Determined to help their children pay for their education, many parents are covering hundreds of thousands of dollars in costs over four years or more while foregoing their own retirement savings and vowing to catch up later. This is a promise that many do not keep.
Despite government efforts to encourage catch-up retirement savings, many parents who prioritize paying for their children’s education over retirement savings are not taking advantage of it. It’s a broken promise that threatens the long-term financial sustainability of millions of retirees, but there are steps parents can take to shore up their situation or even erase the shortfall.
Using the federally-supported University of Michigan Health and Retirement Study and the Earnings Dynamics Panel Study, researchers at Boston College’s Center for Retirement Research found no evidence that empty nests have filled 401(k)s or individual retirement accounts to make up for lost time once the kids have left home. In addition, parents do not pay off their mortgages and other debts any faster than when raising children.
The analysis drew on income, pensions and behaviors collected from more than 20,000 people over the age of 50 in the Health and Retirement Study, as well as similar data from older households. young people in the study of income dynamics. Using the two surveys, the researchers were able to compare parents’ financial behavior while raising their children and afterwards.
Although the researchers did not examine why parents did not save more as empty parents, surveys showed that many reduced their working hours once their children were out of the house and took more time off. . That’s the opposite of what’s often needed financially when parents have skimped on savings while raising children, said Anqi Chen, an economist at the Center for Retirement Research involved in the study.

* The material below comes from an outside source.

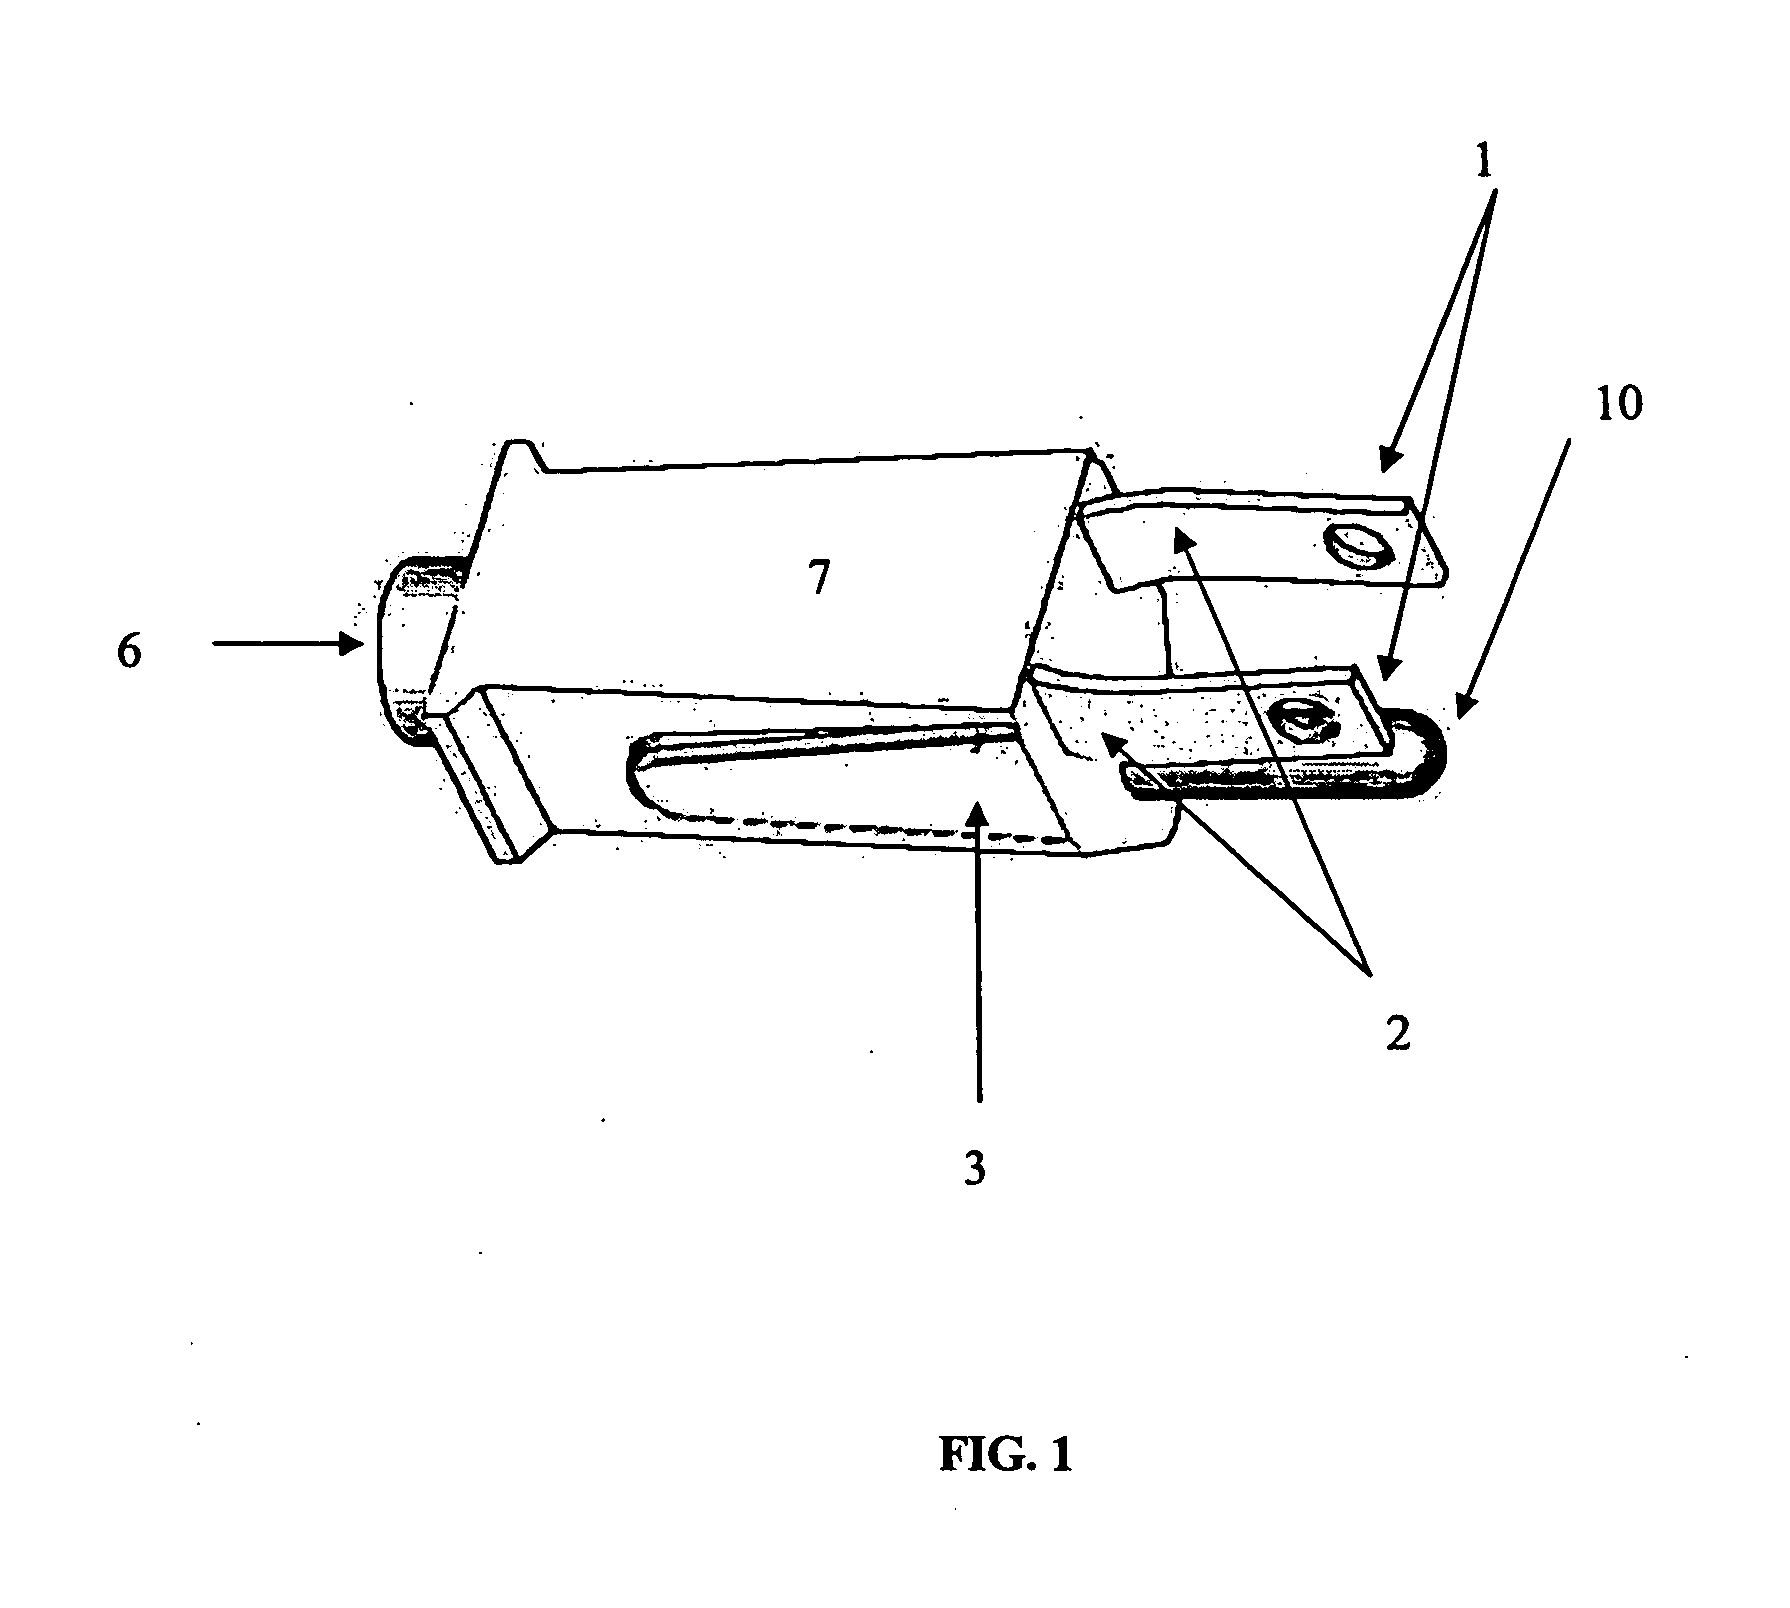 Plug for avoiding unintended disconnection of electrical power

Fidelity has recommended that by the time a person turns 50, they have six times their salary set aside for retirement. Yet most people are far behind that.
The median retirement savings of 45- to 54-year-olds with 401(k) and individual retirement accounts was $105,800 in 2019, according to federal data Chen analyzed. The averages look healthier, but still suggest that many people who don’t save aggressively after raising children won’t be able to maintain the lifestyle they expect in retirement. The average retirement savings for the same age cohort was $254,000 in 2019, according to Federal Reserve data.
Federal rules for 401(k)s and IRAs make it possible to save catch-up later in a person’s working life. Currently, someone age 50 or older can store up to $27,000 a year in a 401(k) and $7,000 in an IRA or Roth IRA. For people under 50, the rules save up to $20,500 in 401(k) and $6,000 in an IRA or Roth IRA. But only 12% of people with 401(k)s reach the allowable limits based on age, according to Vanguard.
Still, people who save enough for retirement before their children’s college years can catch up if they are diligent about fulfilling their promise to save aggressively after paying for college, says financial planner Jim Shagawat of Paramus, NJ.
Shagawat talks about a couple he worked with who had $1.5 million in retirement savings when their two children started college, but insisted on not saving new savings while paying the fees education for eight years.
Shagawat showed the couple’s calculations showing how neglecting their 401(k) for eight years would jeopardize their future, even if they returned to saving moderately after college bills stopped. They were in good health and there was a good chance that they would exhaust all their savings in their 80s if they continued the lifestyle they were accustomed to, he said.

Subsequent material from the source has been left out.